FloatingPointValue.ofDoubleUnrounded constructor

  1. @internal
FloatingPointValue.ofDoubleUnrounded(
  1. double inDouble, {
  2. required int exponentWidth,
  3. required int mantissaWidth,
})

Convert a floating point number into a FloatingPointValue representation.
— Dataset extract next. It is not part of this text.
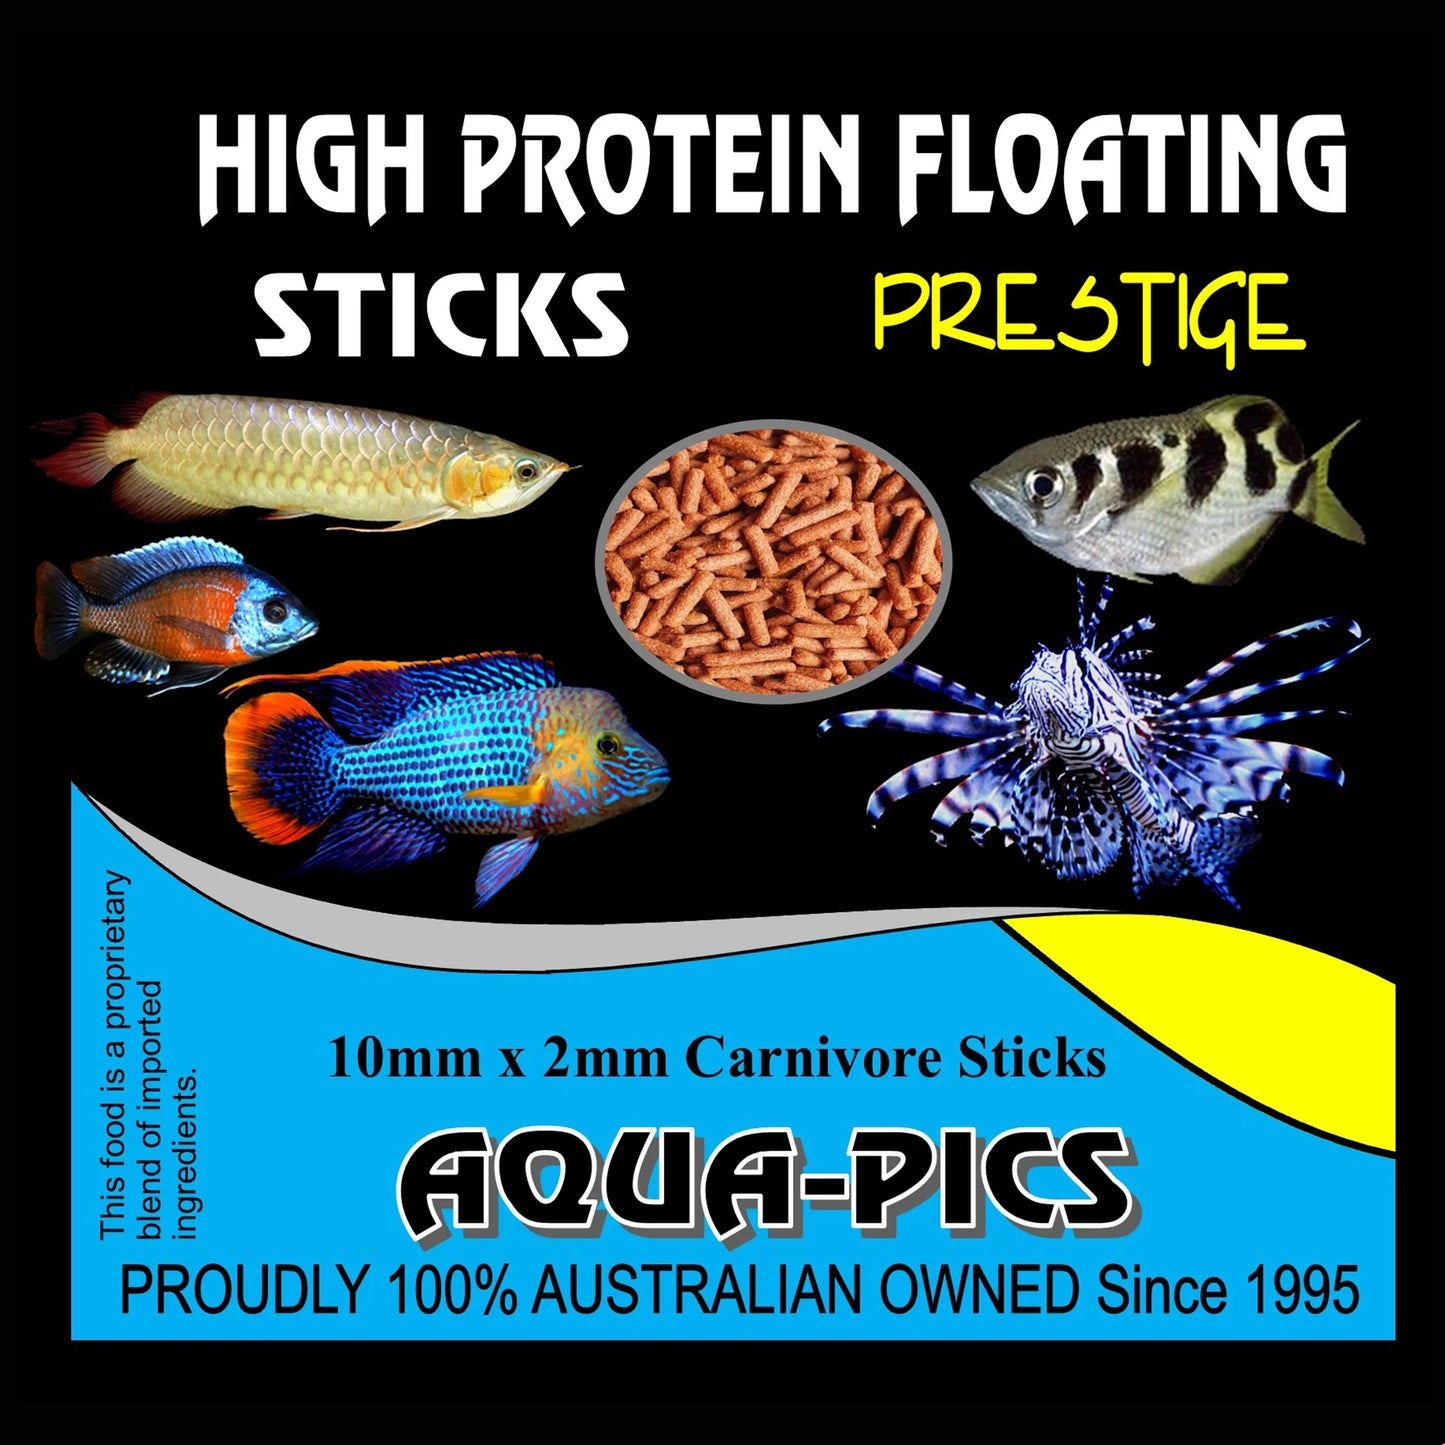 High Protein Floating Sticks 60g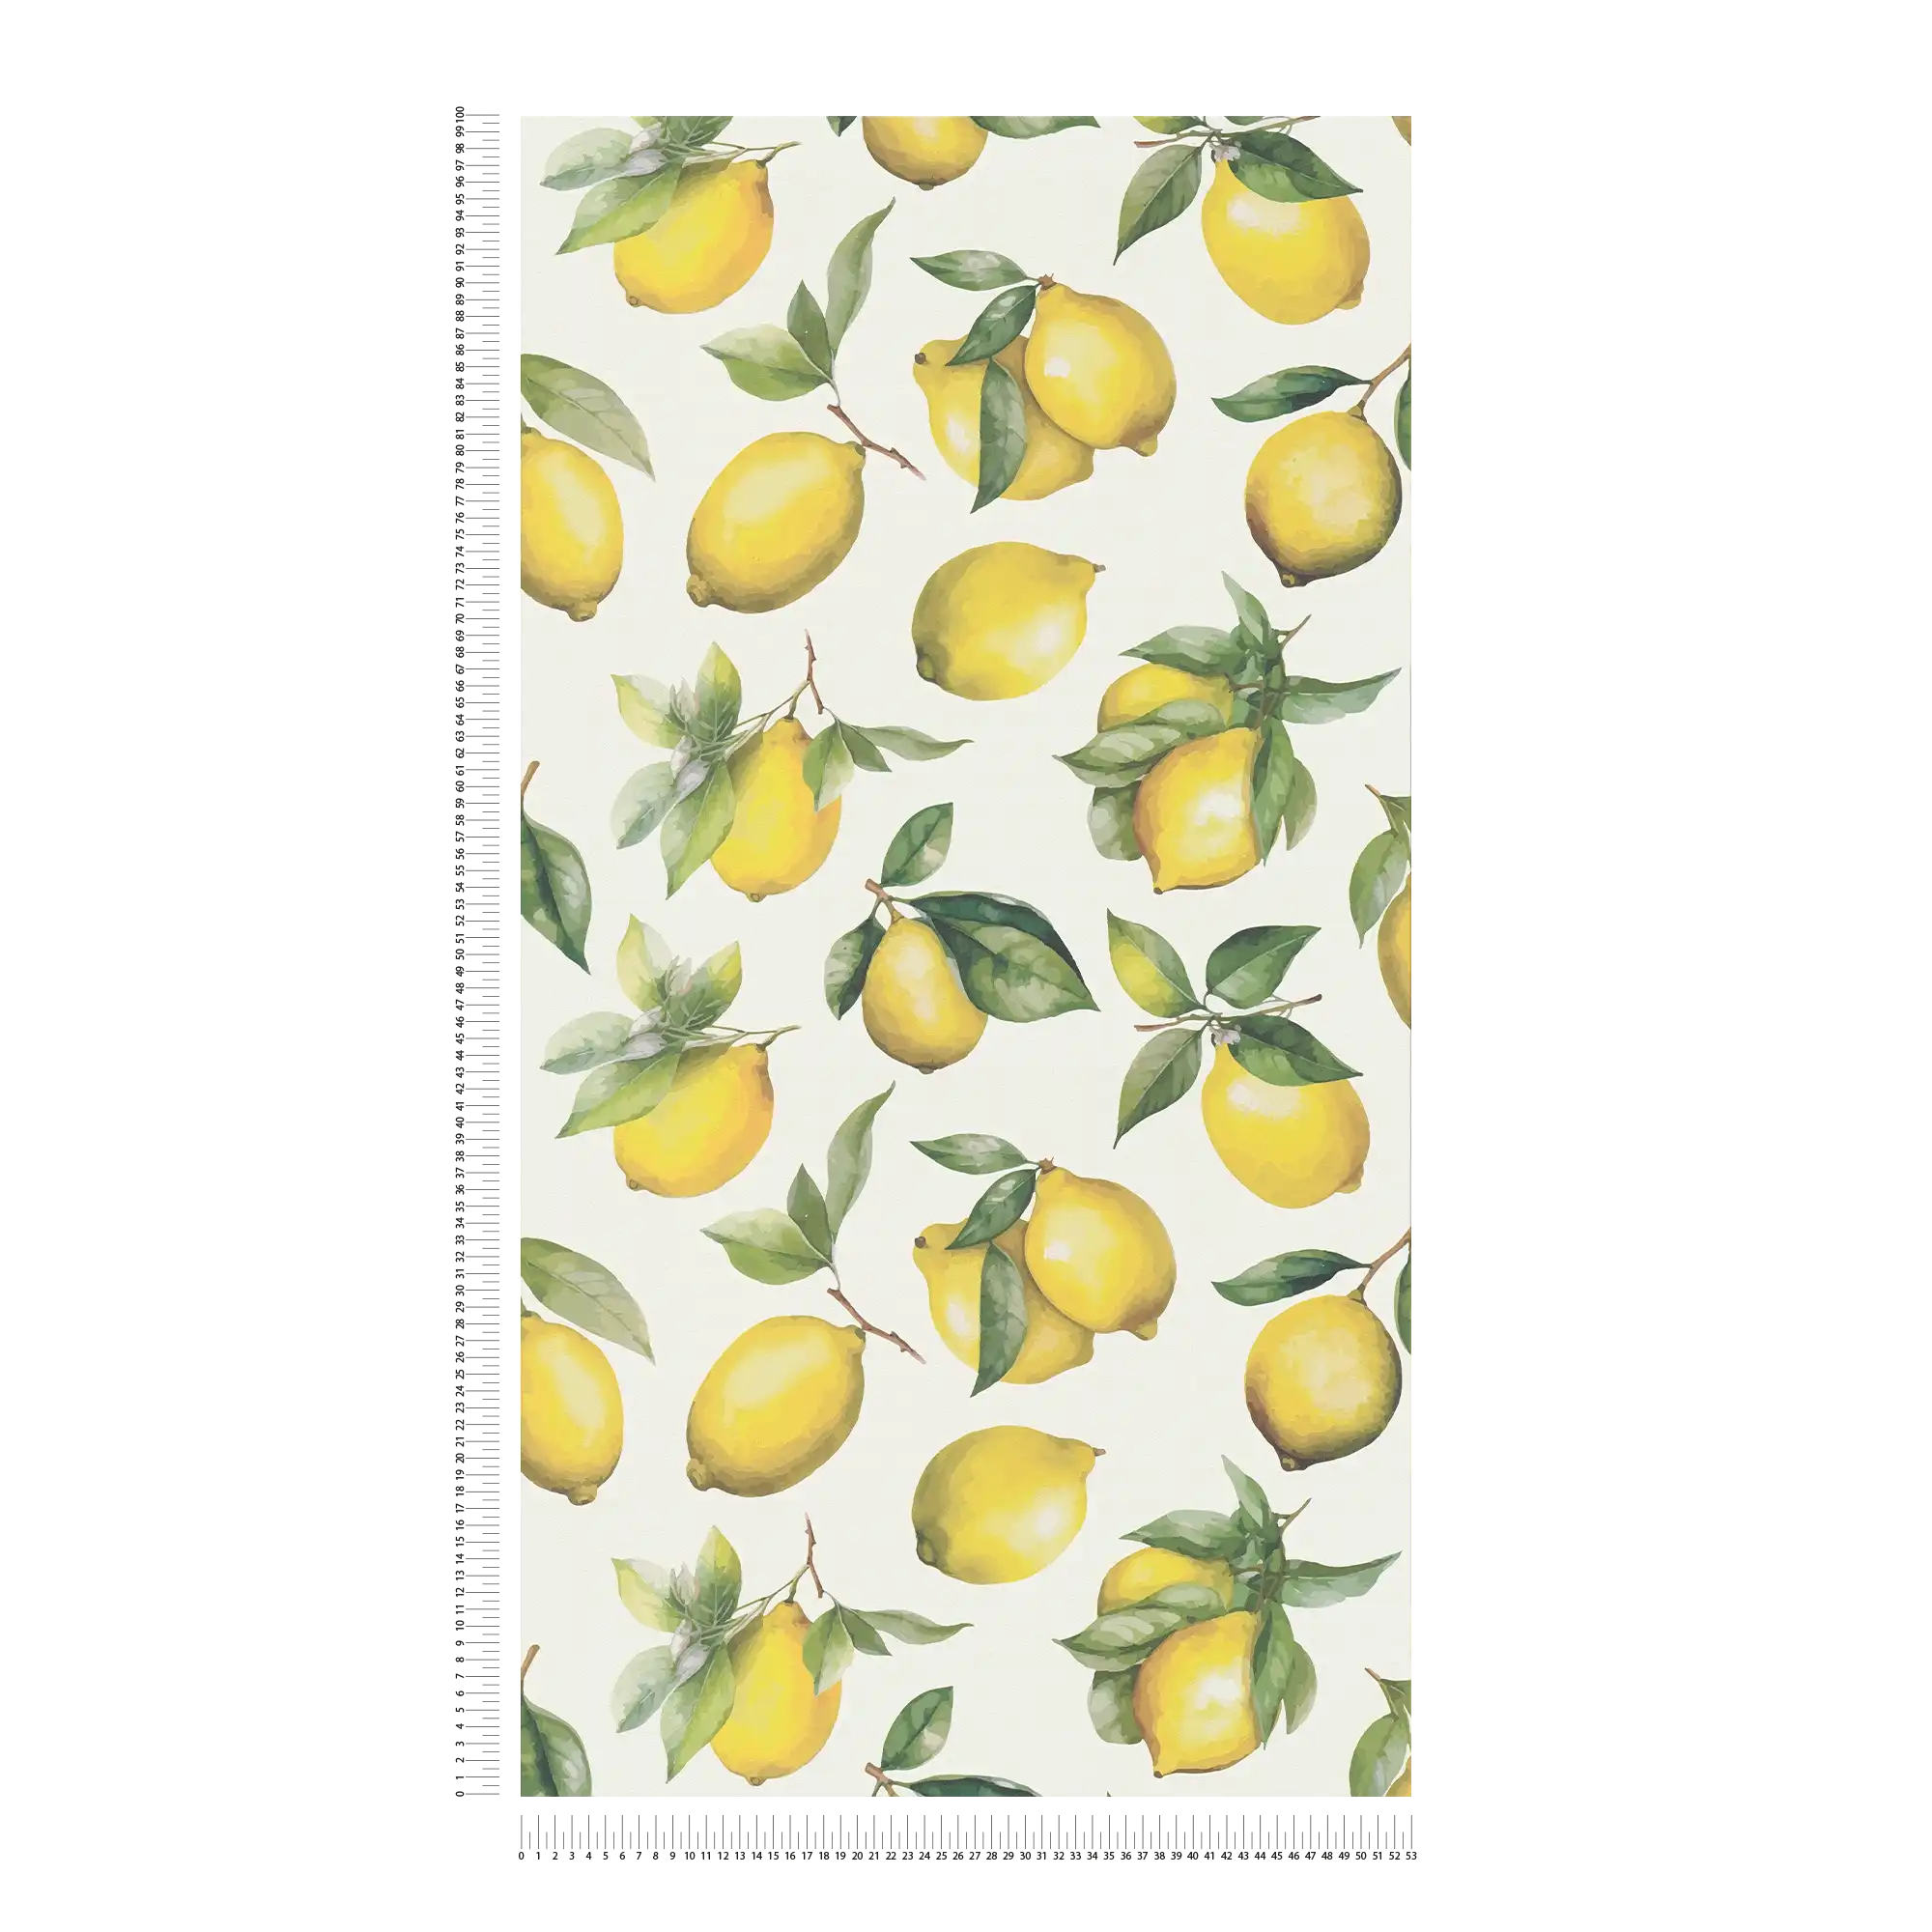             Non-woven wallpaper with painted lemon motif - white, yellow, green

This form performs NO ROUNDING.

Implementation

@internal
factory FloatingPointValue.ofDoubleUnrounded(double inDouble,
    {required int exponentWidth, required int mantissaWidth}) {
  if ((exponentWidth == 8) && (mantissaWidth == 23)) {
    return FloatingPoint32Value.ofDouble(inDouble);
  } else if ((exponentWidth == 11) && (mantissaWidth == 52)) {
    return FloatingPoint64Value.ofDouble(inDouble);
  }

  var doubleVal = inDouble;
  if (inDouble.isNaN) {
    return FloatingPointValue(
      exponent:
          LogicValue.ofInt(pow(2, exponentWidth).toInt() - 1, exponentWidth),
      mantissa: LogicValue.zero,
      sign: LogicValue.zero,
    );
  }
  LogicValue sign;
  if (inDouble < 0.0) {
    doubleVal = -doubleVal;
    sign = LogicValue.one;
  } else {
    sign = LogicValue.zero;
  }

  // If we are dealing with a really small number we need to scale it up
  var scaleToWhole = (doubleVal != 0) ? (-log(doubleVal) / log(2)).ceil() : 0;

  if (doubleVal < 1.0) {
    var myCnt = 0;
    var myVal = doubleVal;
    while (myVal % 1 != 0.0) {
      myVal = myVal * 2.0;
      myCnt++;
    }
    if (myCnt < scaleToWhole) {
      scaleToWhole = myCnt;
    }
  }

  // Scale it up to go beyond the mantissa and include the GRS bits
  final scale = mantissaWidth + scaleToWhole;
  var s = scale;

  var sVal = doubleVal;
  if (s > 0) {
    while (s > 0) {
      sVal *= 2.0;
      s = s - 1;
    }
  } else {
    sVal = doubleVal * pow(2.0, scale);
  }

  final scaledValue = BigInt.from(sVal);
  final fullLength = scaledValue.bitLength;

  var fullValue = LogicValue.ofBigInt(scaledValue, fullLength);
  var e = (fullLength > 0)
      ? fullLength - mantissaWidth - scaleToWhole
      : FloatingPointValue.computeMinExponent(exponentWidth);

  if (e <= -FloatingPointValue.computeBias(exponentWidth)) {
    fullValue = fullValue >>>
        (scaleToWhole - FloatingPointValue.computeBias(exponentWidth));
    e = -FloatingPointValue.computeBias(exponentWidth);
  } else {
    // Could be just one away from subnormal
    e -= 1;
    if (e > -FloatingPointValue.computeBias(exponentWidth)) {
      fullValue = fullValue << 1; // Chop the first '1'
    }
  }
  // We reverse so that we fit into a shorter BigInt, we keep the MSB.
  // The conversion fills leftward.
  // We reverse again after conversion.
  final exponent = LogicValue.ofInt(
      e + FloatingPointValue.computeBias(exponentWidth), exponentWidth);
  final mantissa =
      LogicValue.ofBigInt(fullValue.reversed.toBigInt(), mantissaWidth)
          .reversed;

  return FloatingPointValue(
    exponent: exponent,
    mantissa: mantissa,
    sign: sign,
  );
}